The Jewish quarter of Barcelona (El Call de Barcelona) in Barcelona, Catalonia, Spain, is an area located in the Gothic Quarter. The quarter was the heart of the city's Jewish community from the 7th to 14th centuries and was one of the most important Jewish quarters on the Iberian Peninsula during the Middle Ages.

==Etymology==
El Call means "little street" or "alley" in Catalan, and referred to the set of narrow streets that the Jews occupied. The broader self-governing community of Jews was called the aljama.

==History==

===Establishment of the Call===
Small numbers of Jews arrived in Barcelona soon after 70 CE as part of the wave of migrants arriving in Europe fleeing Roman repression in Judaea during the First Jewish-Roman War. By 1079, the Jewish population in Barcelona numbered about 70 families.

At the end of the 7th century, the Jewish population was enclosed in the Call, which formed around the Carrer del Call, Carrer de Sant Domènec del Call, Carrer Marlet, and Arc de Sant Ramón del Call.

===Growth and Golden Age (12th and 13th century)===
Growth in El Call and the arrival of Jews who had been expelled from France by the 13th century made it necessary to expand the Jewish quarter, so the Call Menor, or Minor Call, was created, in addition to the Call Major or Major Call.

By the 13th century, the Call was the largest in Catalonia. Medieval Barcelona was approximately 15% Jewish during its golden age, with most of the 4,000 Jews living in the Jewish quarter. Barcelona earned the reputation as a "city of sages" among the Jews. The Jews worked as doctors, scientists, merchants, and money lenders for Catalan aristocracy. As only Jews could legally lend money, Jews became the official financiers of Catalonia's sovereigns. Jews were officially property of the crown, and at the Fourth Lateran Council in 1215, papal instructions called for Jews to wear hoods and a red button sewn into their clothes to identify them. By 1268, King James I removed the requirement that the Jews in aljama had to wear the badge.

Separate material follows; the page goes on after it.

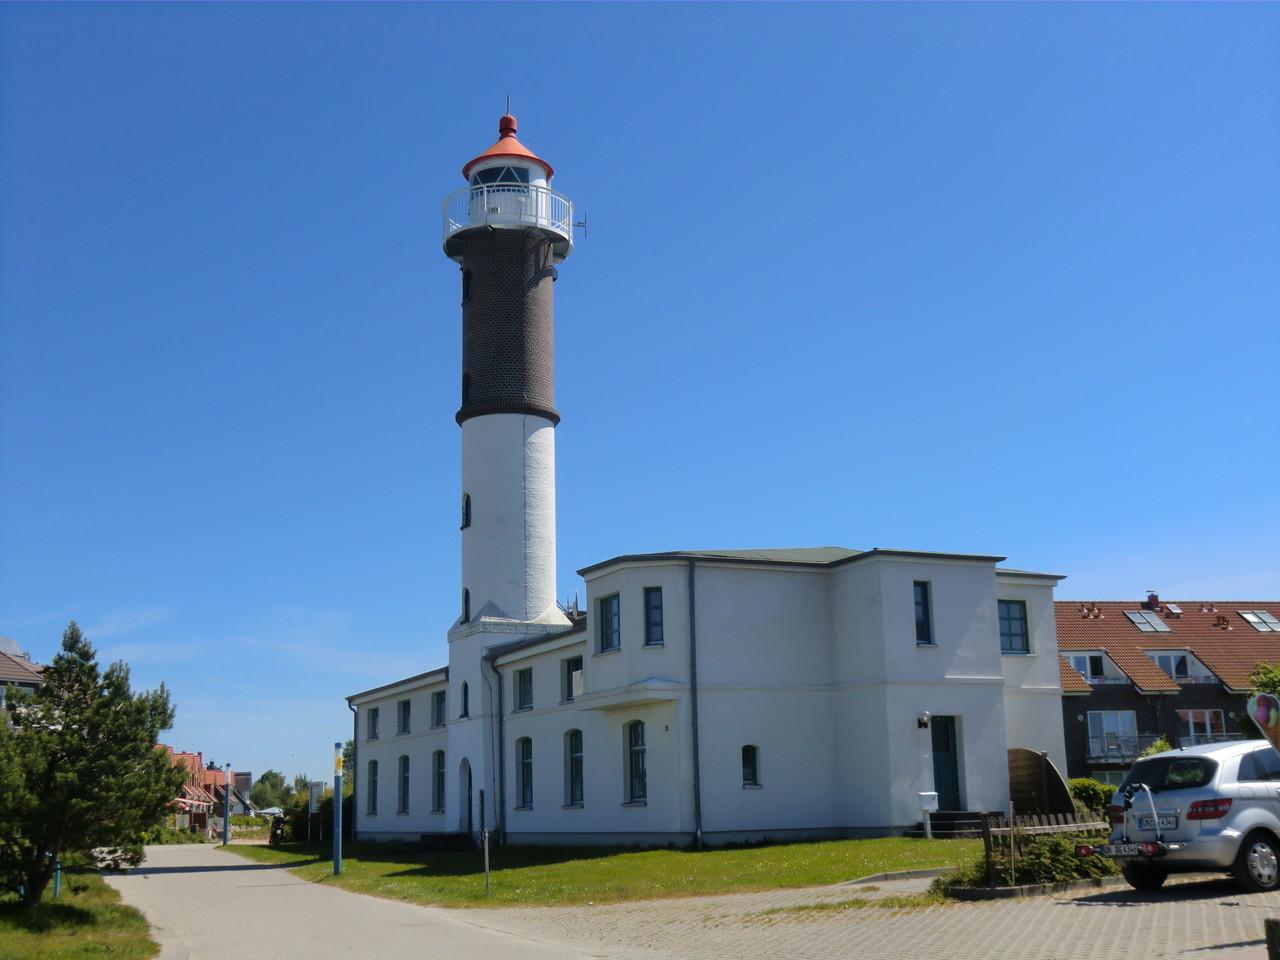 Leuchtturm von Timmendorf/Poel

===Pogroms and Inquisition (14th and 15th century)===
The Jews' situation in Barcelona worsened when Barcelona was hit by a run of famines beginning in 1333 and with the Black Death in 1348, which killed an estimated fifth of the city's population. Many blamed Jews, leading to an attack on the Jewish quarter in 1349.

The Jewish quarter was hurt badly during Antisemitic mob violence on the quarter by a mob as part of the pogroms of 1391 across Spain. From the outbreak of violence on 5 August through 10 August, approximately 300 Jews were killed.

During the Spanish Inquisition, the Jewish population in Barcelona was all but decimated. King Ferdinand ordered that the size of synagogues be no larger than the smallest Christian church.

==21st century==
In the center of the Jewish quarter is the Ancient Synagogue, also called the Sinagoga Major, one of the oldest synagogues in Europe.
The synagogue is thought to have existed in some shape or form since the 5th century. During the 1990s, the synagogue was restored and reopened to the public in 2003.

==Jewish community of Barcelona==
An estimated 3,500 Jews reside in Barcelona in the 21st century, making it the largest concentration of Jews in Spain.